The work that Brown is doing in diversity, equity, and inclusion is exciting and it’s important. There is no part of the University or alumni experience that is not touched by a renewed focus on DEI. Within the Association of Class Leaders, I chair our Diversity, Equity and Inclusion Committee, and I am excited by the opportunity to bring this focus of the University into our alumni class leadership. We cannot rewrite human history, but we can work towards a more equitable and inclusive future, and as alumni volunteers and leaders we have the opportunity to educate, engage, and mobilize a huge base of alumni, students, family, and friends towards that vision. President Christina H. Paxson set the tone in a letter to the alumni community: “I feel cautious optimism for the seeds of lasting change, but with an eye toward the hard work that must continue to combat systemic racism, inequity, brutality, and violence that exists in society.” As a member of the LGBTQIA+ community, I can tell you first-hand the work of change is hard. But, the potential of what the University and our society can be, and the opportunity to help pull that thread through into the alumni experience — that’s exciting.

“ Take more time to notice, appreciate, and savor the experiences, and take that winding path. ”

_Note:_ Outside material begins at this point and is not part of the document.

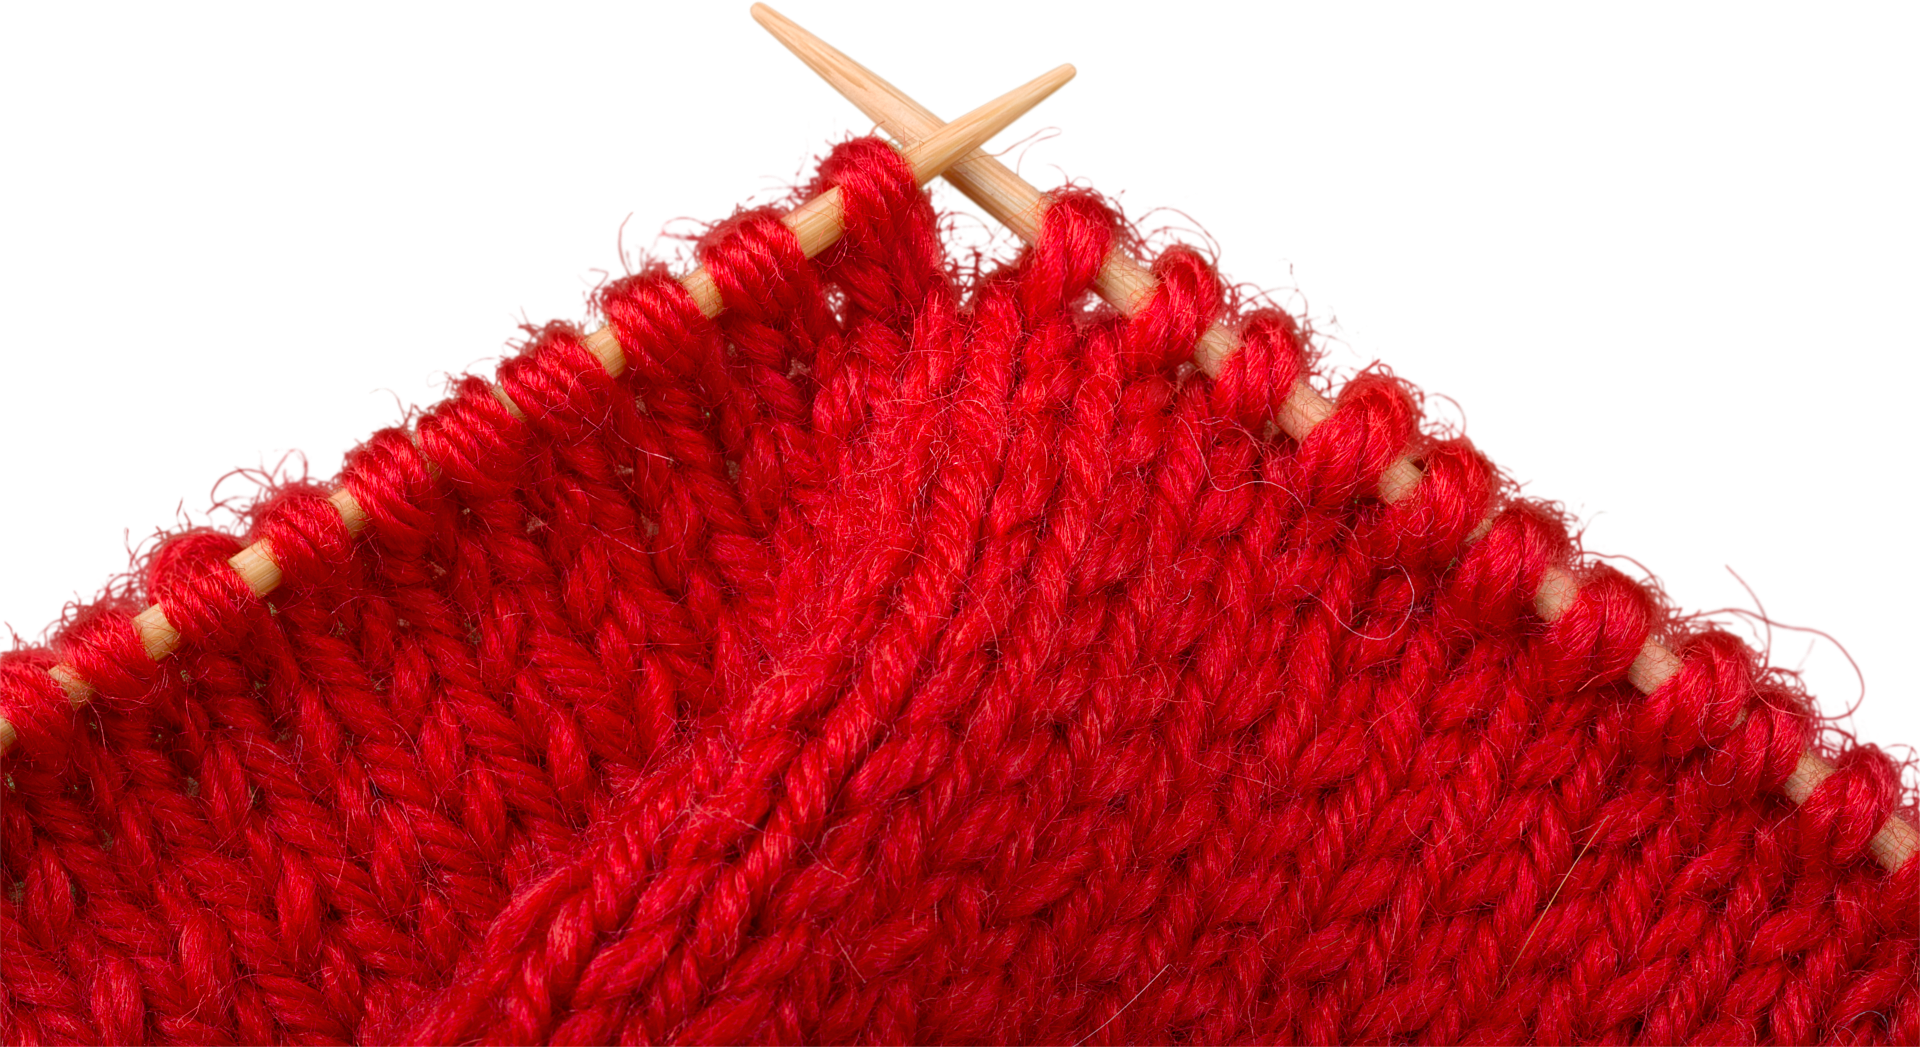 knitting clipart cute
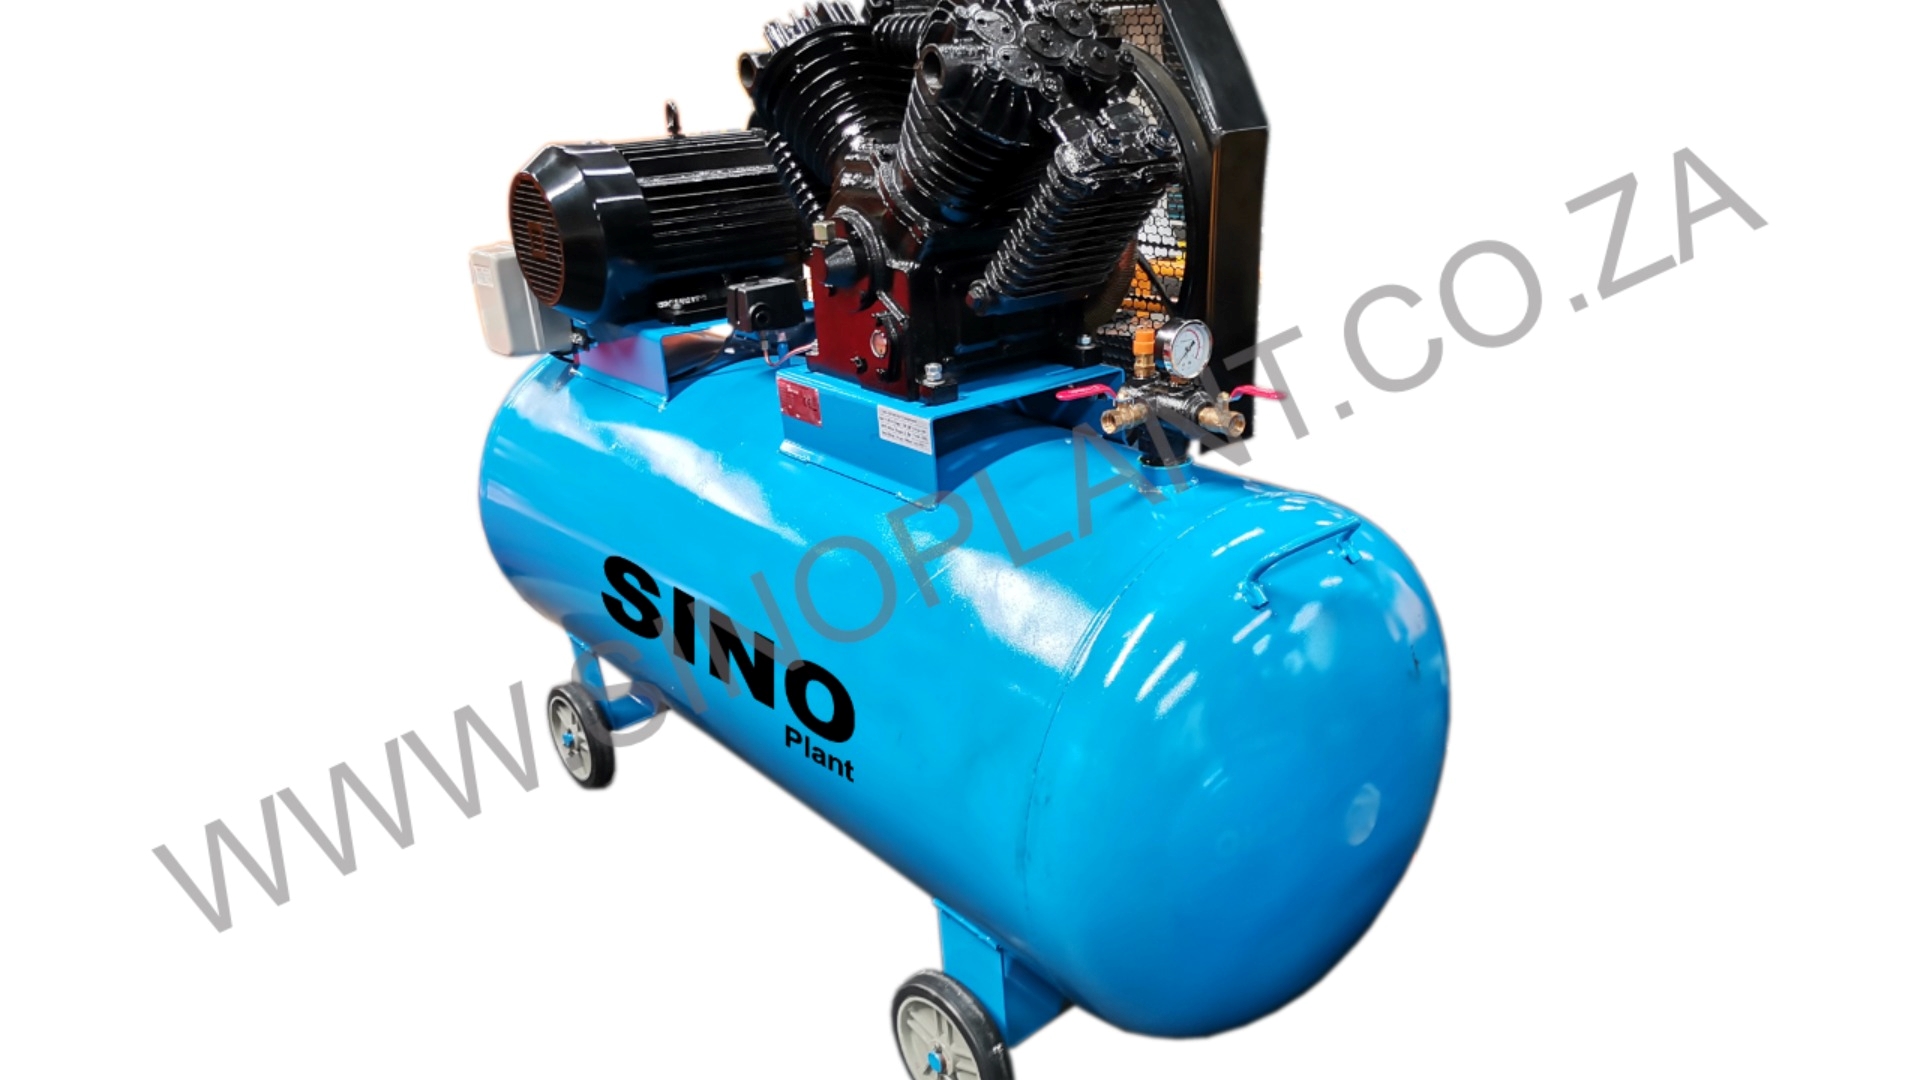 2023 Sino Plant Compressor 380V 500 Liter Tank Compressors for sale in  Gauteng | R 30,595 on Agrimag

Zack Langway is a communications leader with broad experience, domestically and globally, across consumer healthcare, health equity, global health and development, and health care innovation. Throughout his career, Langway has worked with nonprofits, businesses, and change agents to combine science, storytelling, and community engagement into communications strategies that help advance health and wellness. Langway currently leads strategic communications for Johnson & Johnson’s Office of the Chief Medical Officer and also serves as Global Leader for Communication and Health Equity for the J&J Open&Out LGBTQIA+ Employee Resource Group. Prior, he has held leadership roles in digital strategy, advocacy, and strategic communications at agencies and nonprofit organizations. He graduated with a bachelor's degree from Brown University and a master's degree in communication from Johns Hopkins University, and he serves as an adjunct instructor at Rutgers University and Towson University. Langway lives in New Jersey with his husband, Matt, and their son, Samuel.